Notice the link_store parameter is making use of the LinkStoreDI dependency injected type you just established.

Now that you have seen a few examples of a the DI-style TypeAlias convention we are using, go ahead and define a TypeAlias for LinkService DI and be sure it is exported from the services package.

6. Injecting Services in Routes

Now, finally, after establishing these definitions to support dependency injection, you can inject your LinkService service into your routes in router.py. First, be sure you import the LinkServiceDI type that you exported from services. Then, what do you need to do to inject a LinkService instance into your routes? You should be able to figure this out at this point; refer back to the readings as necessary.

Working Together

Our recommendation for paired workflow on this assignment is:

  1. Pair program on a single laptop to do the initial refactoring and getting started steps
  2. Pair program to complete the initial implementation of functionality of routes.
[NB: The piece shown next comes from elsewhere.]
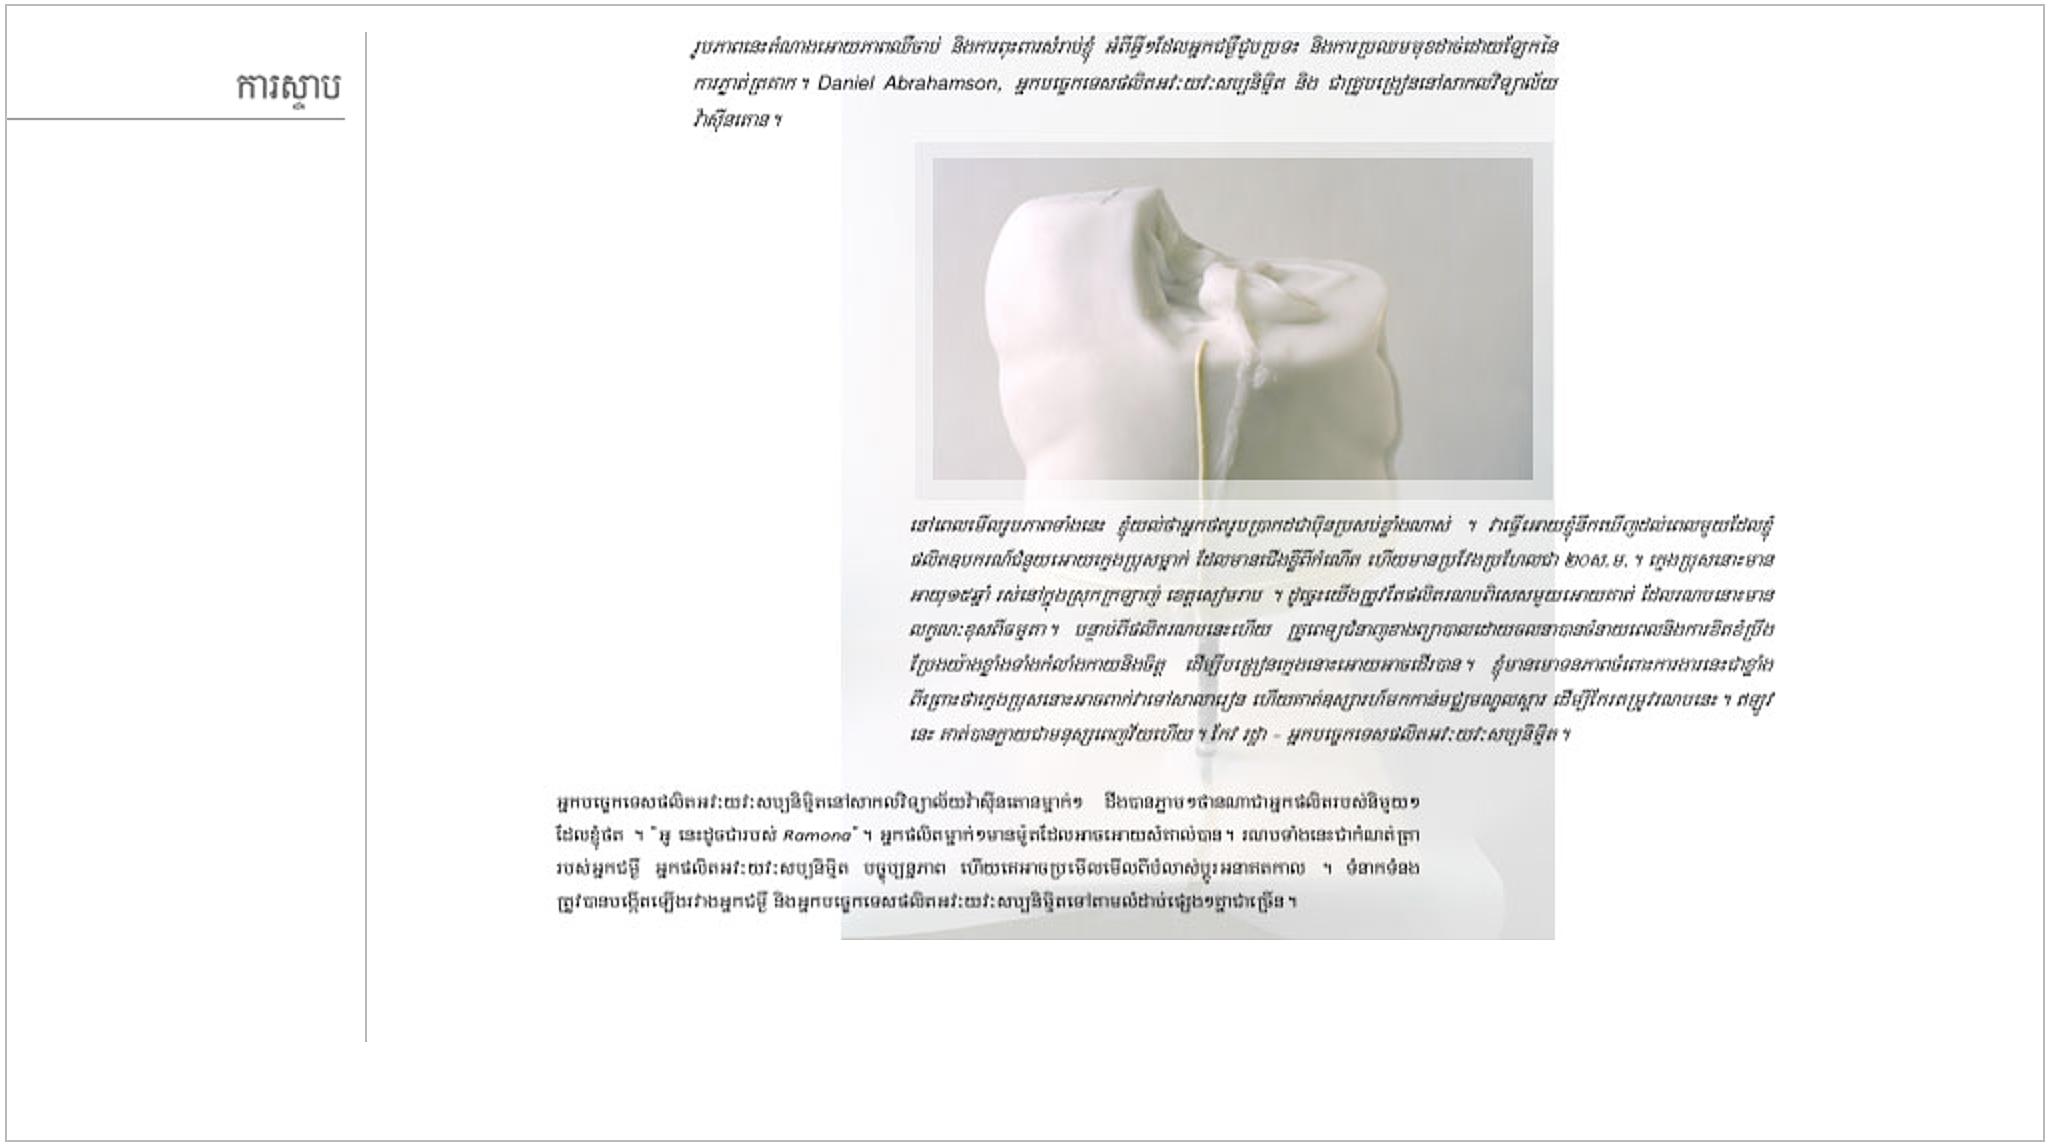 pg 47 copy.jpg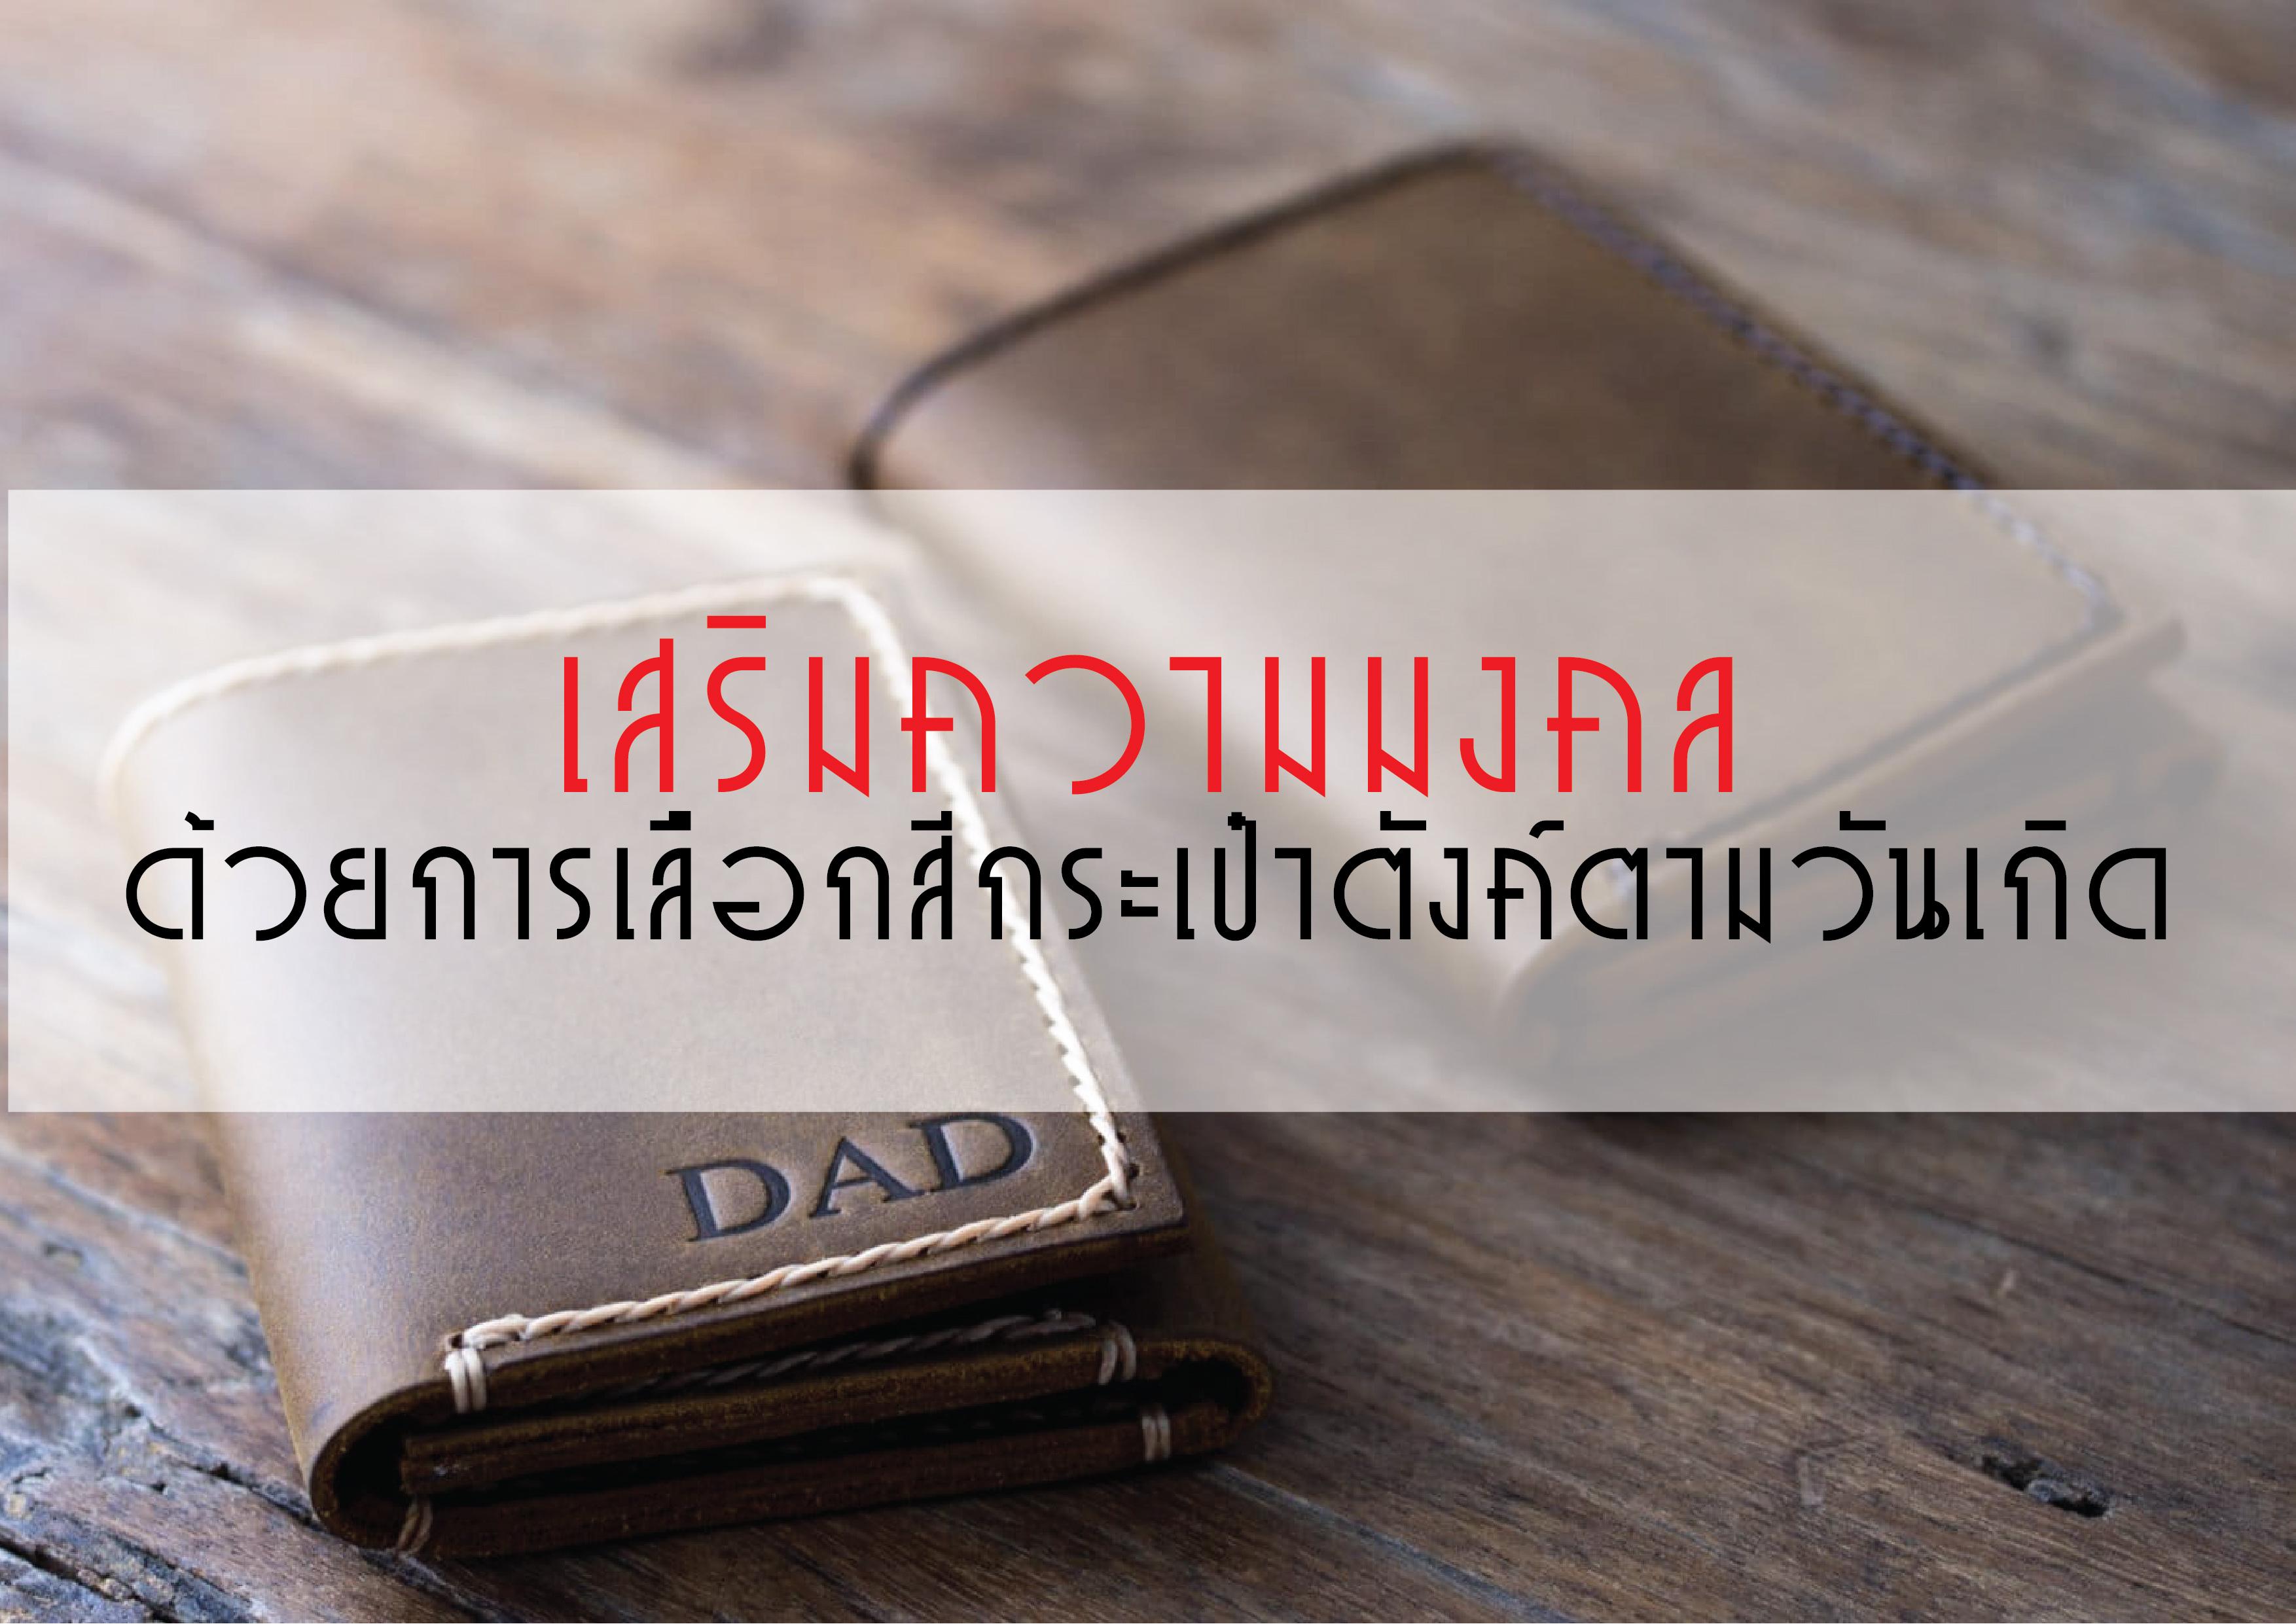 ztaobao :: เสริมความมงคลด้วยเลือกสีกระเป๋าตังค์ตามวันเกิด

Push and fetch to sync work across your machines.
  3. Split up the work of testing Sue and Cai's routes individually, push to wip branches, review each other's code, and merge back in

Testing Requirements

Beyond the required story implementations described in Requirements, there are a few testing requirements to practice unit, integration, and end-to-end tests.

For both Sue and Cai's required stories, you need to produce AAA tests following the conventions shown in the recent reading on API testing. For both routes and service methods, you should be able to demonstrate:

  1. Unit Tests for the route handlers and service class methods (separate test files, well organized in test directory)
  2. Integration Tests for the router, route handler, and service layers isolated from the storage layer. There are multiple viable strategies for overriding the storage layer with a mock, but you are encouraged to experiment with FastAPI's dependency_overrides. Look to online resources to learn more. Try overriding link_store_factory via dependency_overrides.
  3. End-to-end Tests from router through storage. Here you will want to use dependency_overrides to override your Config (via config_factory in dependency_overrides) to use a pytest provided tmp_path fixture. Reminder, tmp_path returns a path of a temporary directory location so you will need to append an actual filename. See your integration tests for JSONFileIO to learn more. This is still an end-to-end test because your code reads and writes from disk, the override is just making setup/teardown smoother.

For integration and end-to-end tests, you are encouraged to use VSCode's built-in debugger and test runner with debugger to step through a test line-by-line, to convince yourself of your testing subject's scope and convincing yourself you have isolated the correct targets.